Friday, November 25, 2016

Makhaevism Making a Comeback

Paul Goble

            Staunton, November 25 – Makhaevism, the term of abuse its opponents a century ago gave to the view among many working class Russians that the intelligentsia was more culturally alien and hostile to them than were even the rich, appears to be making a comeback, albeit in today’s hybrid world not under its own name.

            Indeed, it appears to be a better description of the attitudes of many working class people across the world today and also and especially importantly to the way wealthy leaders are exploiting this anger in ways that ultimately work against that interests of those who feel it than do many of the terms now applied to the various tectonic shifts taking place around the world.  

            On the one hand, hostility to educated cultural elites explains the voting and polling behavior of workers better than class interests.
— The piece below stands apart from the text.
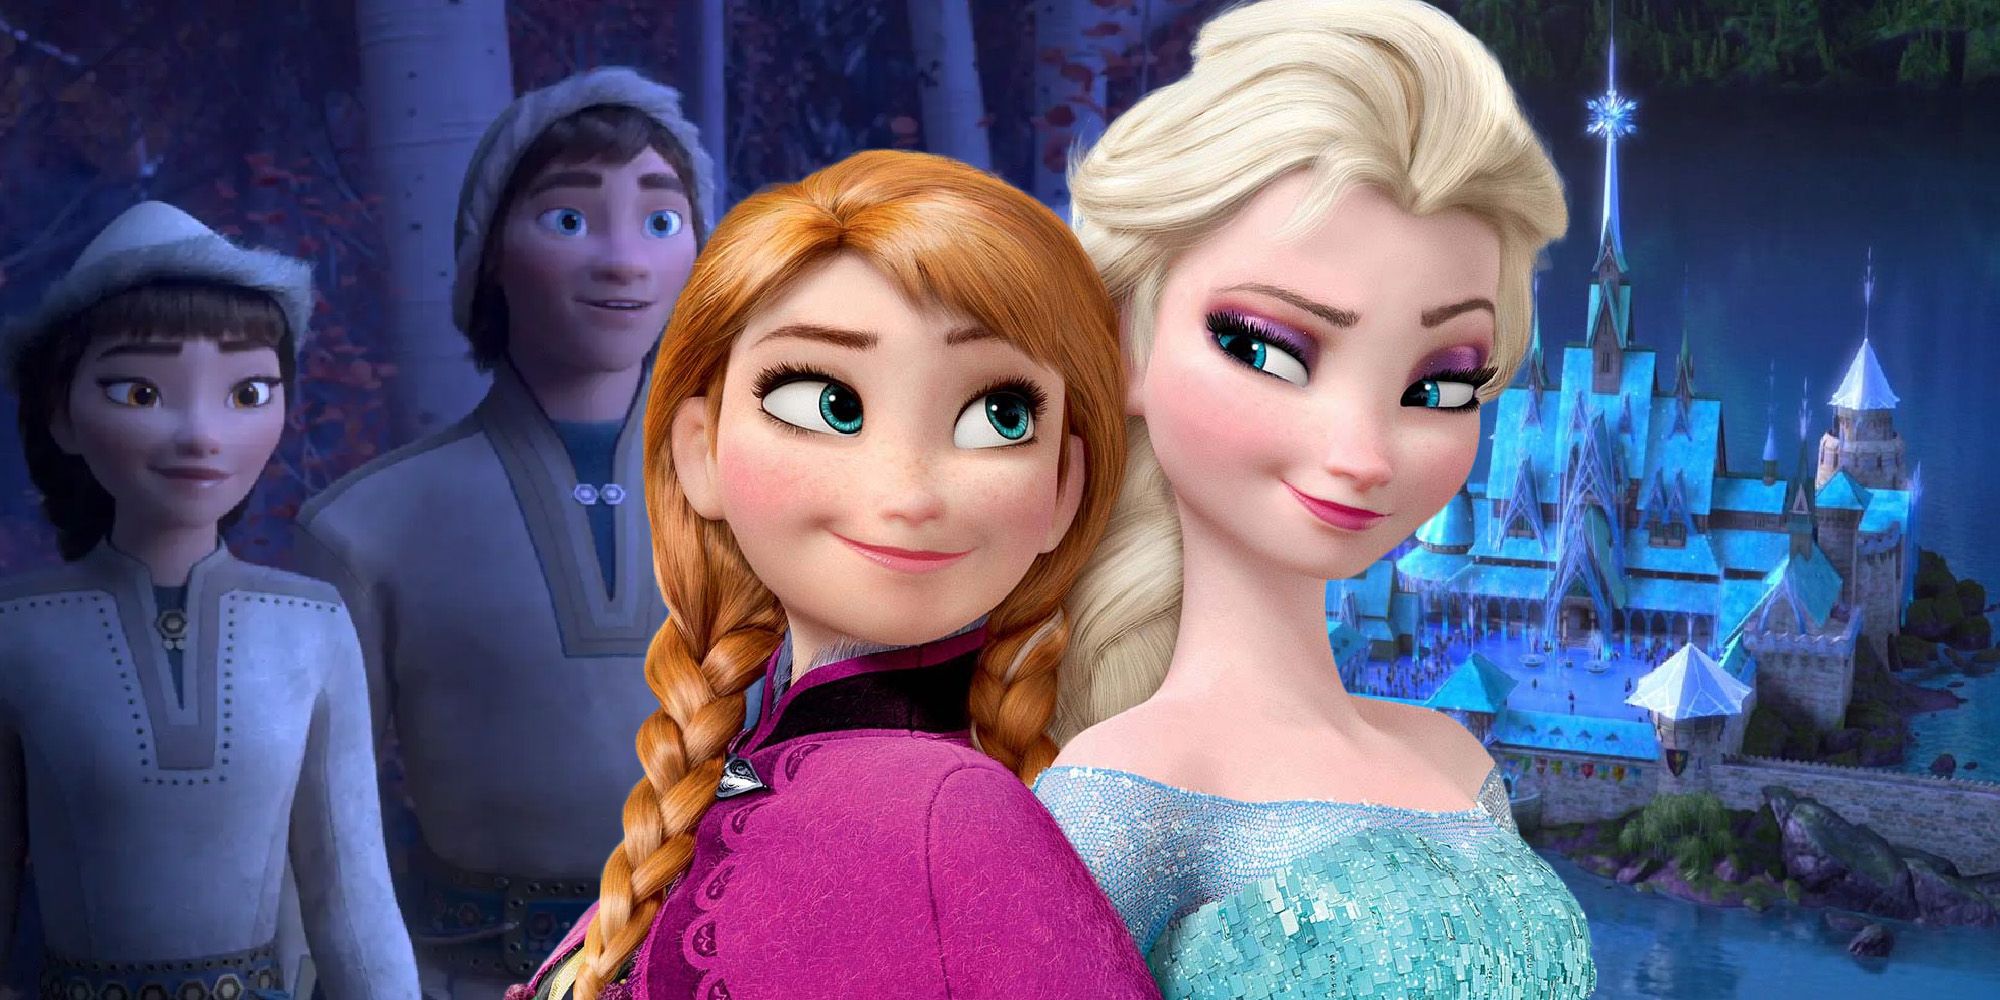 Frozen Why Elsa & Anna Should Celebrate Christmas (Holidays) With The Northuldra Not Arendelle

Thus, many working class people in many places view such elites as alien and out of touch with their needs even while supporting those who have or have gained great wealth.
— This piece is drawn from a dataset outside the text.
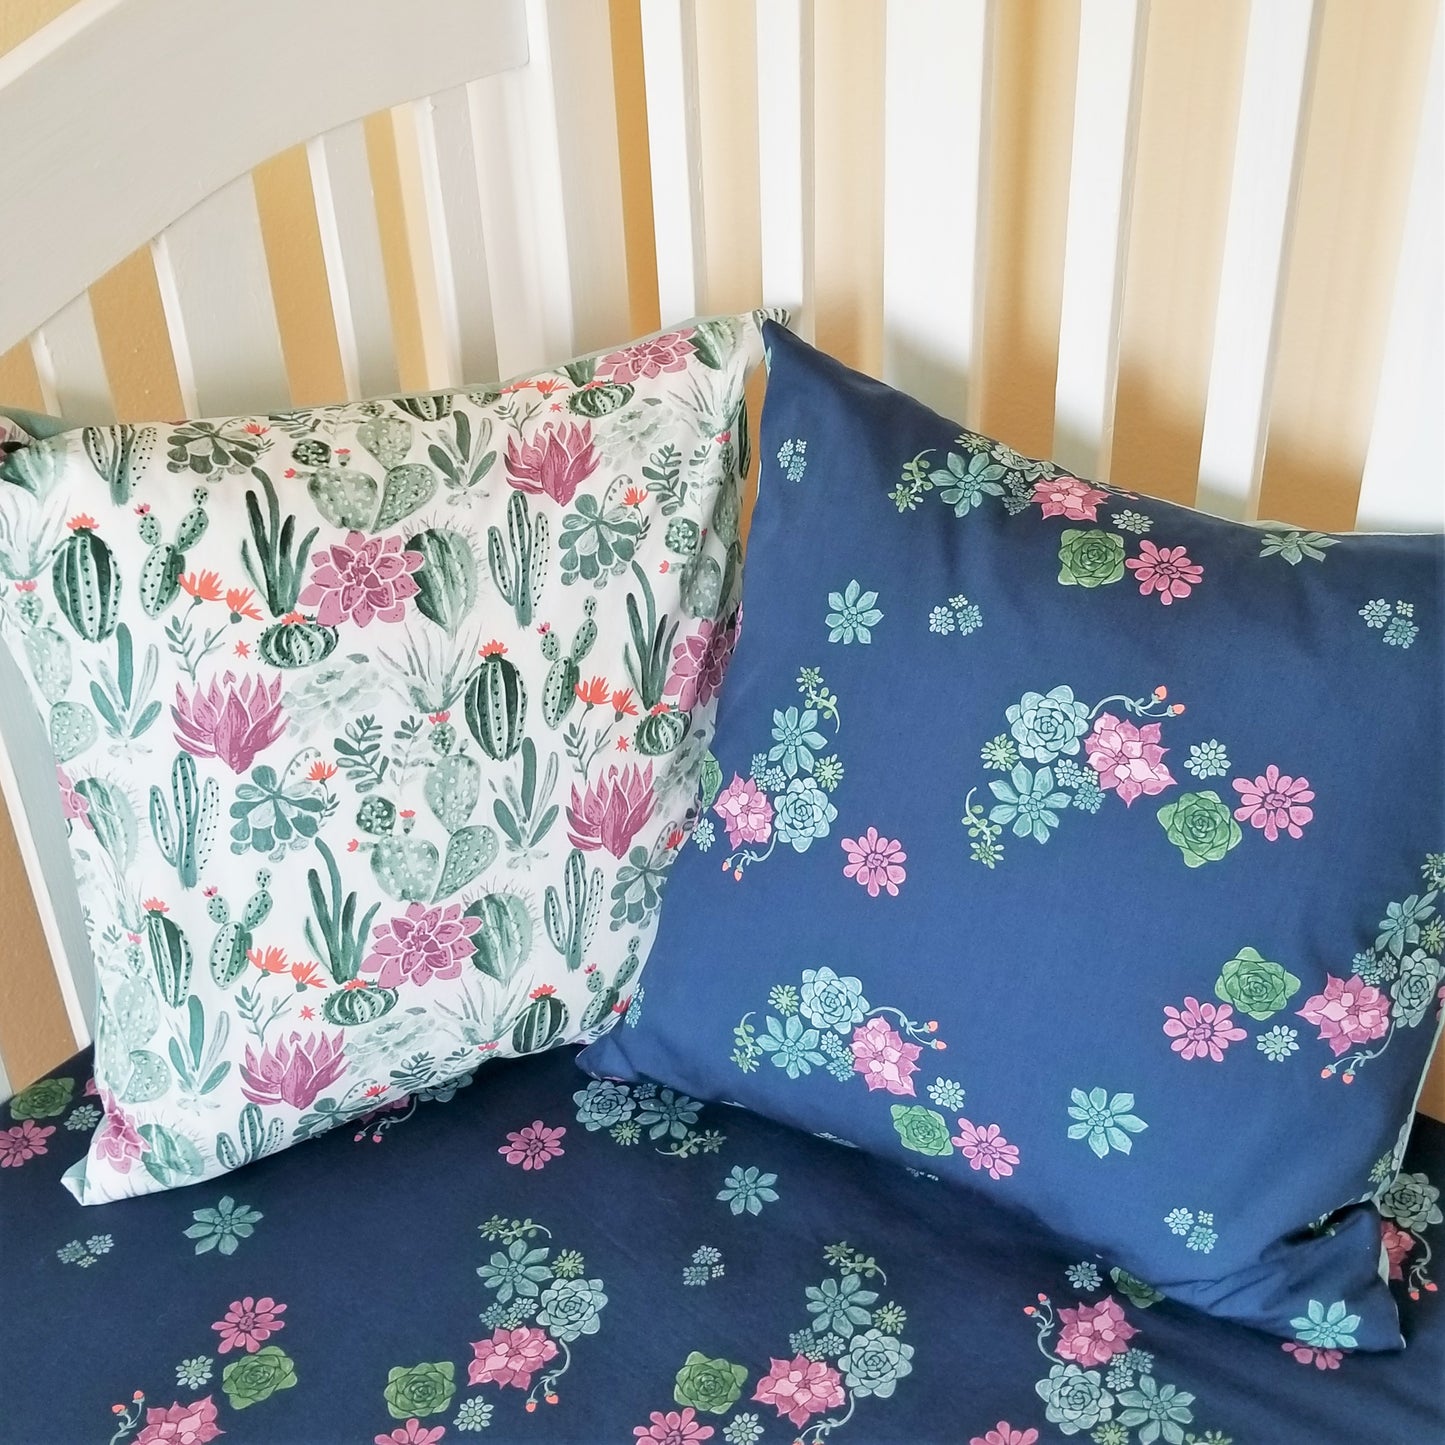 Organic Cotton Accent Pillow Cover in Succulent & Floral Prints

            And on the other, one of the basic failings of Makhaevism, its lack of a solution to this problem except to call for a permanent general strike by the workers against the educated, points to an outcome that history has seen before: the rise of authoritarian populism which in the name of protecting the workers from the alien cultural elite ends by defending those in power.
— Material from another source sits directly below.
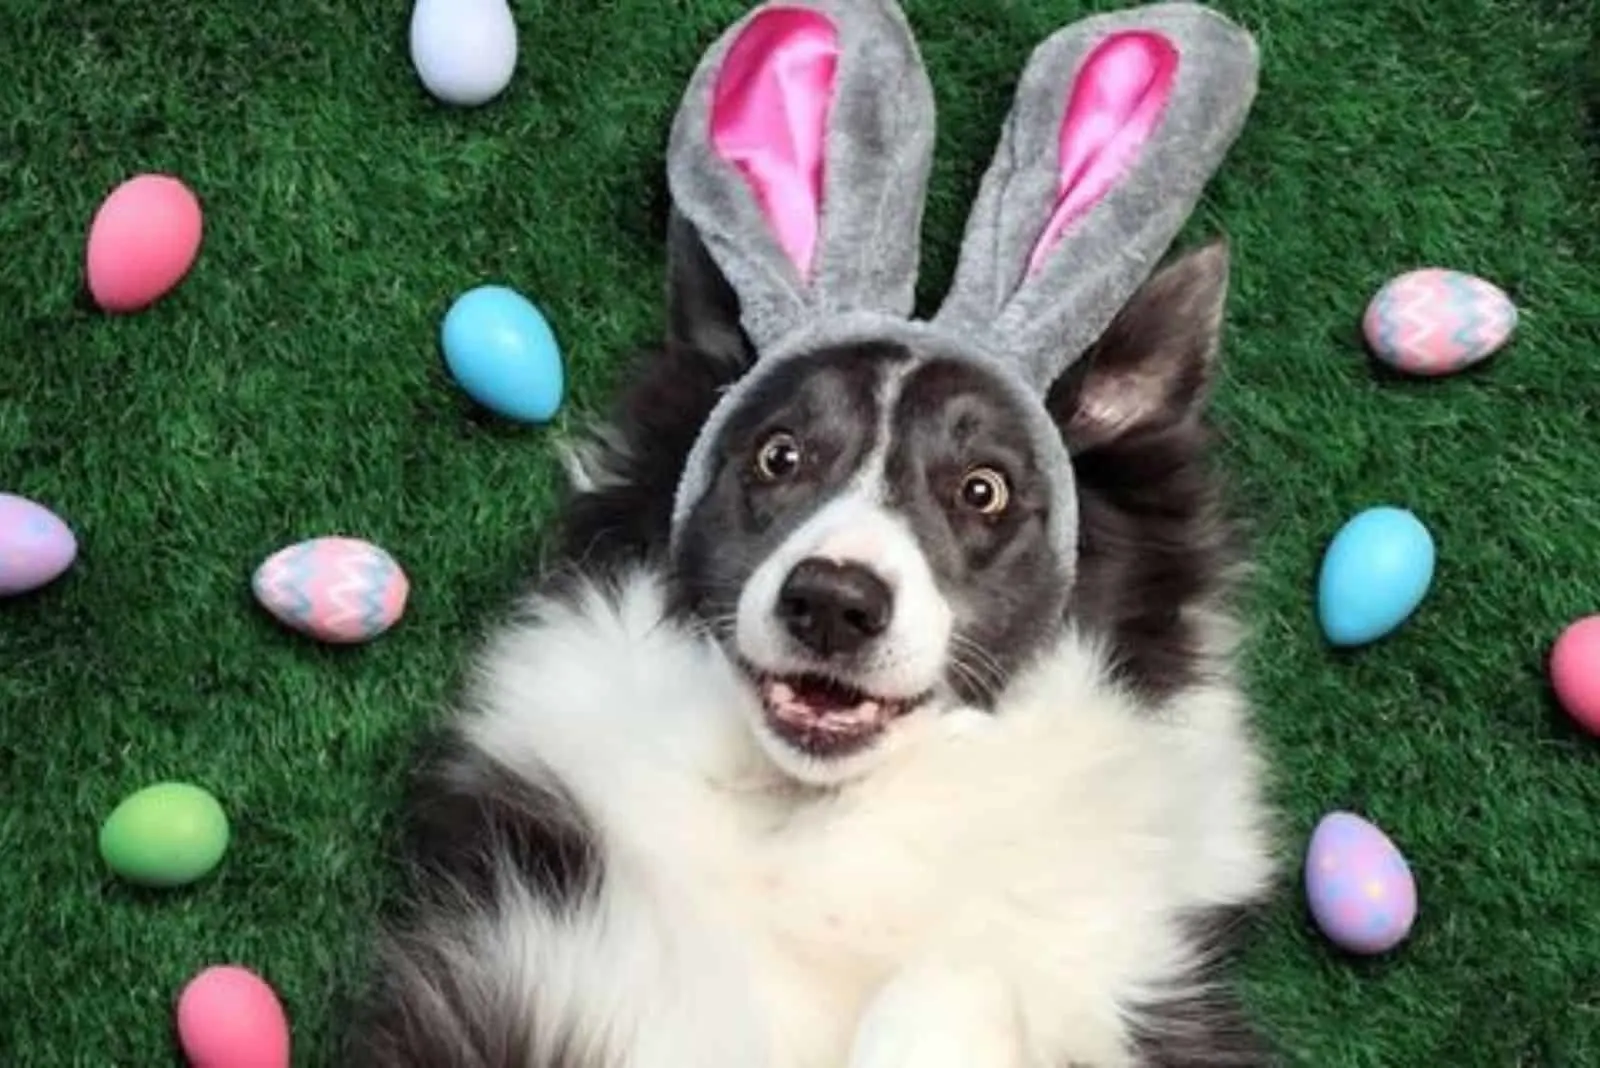 dog wearing bunny ears lying on the grass surrounded with easter eggs

            The term comes from the denunciations by Lenin and then Stalin of the writings of Jan Waclaw Machajski (1866-1926), a Polish Marxist of anarcho-syndicalist tendencies. (For background, see Paul Avrich, “What is Makhaevism’?” Soviet Studies, July 1965, available online at; Marshall Shatz, Jan Wavlaw Machajski (Pittsburgh, 1989), and Albert Parry’s introduction to the collection of Machayski’s writings collected and republished as Umstvennyy rabochy (New York, 1968).

            Lenin first denounced Machajski and Makhaevism both because the Polish writer’s argument was fundamentally non-Marxist in that it viewed cultural and educational divides as deeper than economic ones and because it threatened Lenin’s Bolshevik Party which included far more intellectuals than workers.

            In the early and mid-1920s, Stalin joined in that denunciation, viewing it as a useful tool in his campaign against his better educated opponents in the Bolshevik party by playing to the hostility of many workers and peasants against a class they often despised as “those who wore glasses” and deserved to be killed rather than listened to.

            Later in the mid-1930s, after he had vanquished his more educated Old Bolshevik opponents and sought to promote support for the new Soviet intelligentsia, Stalin too joined in the denunciation of Makhaevism among the Soviet population as something antithetical to the interests of Marxism-Leninism.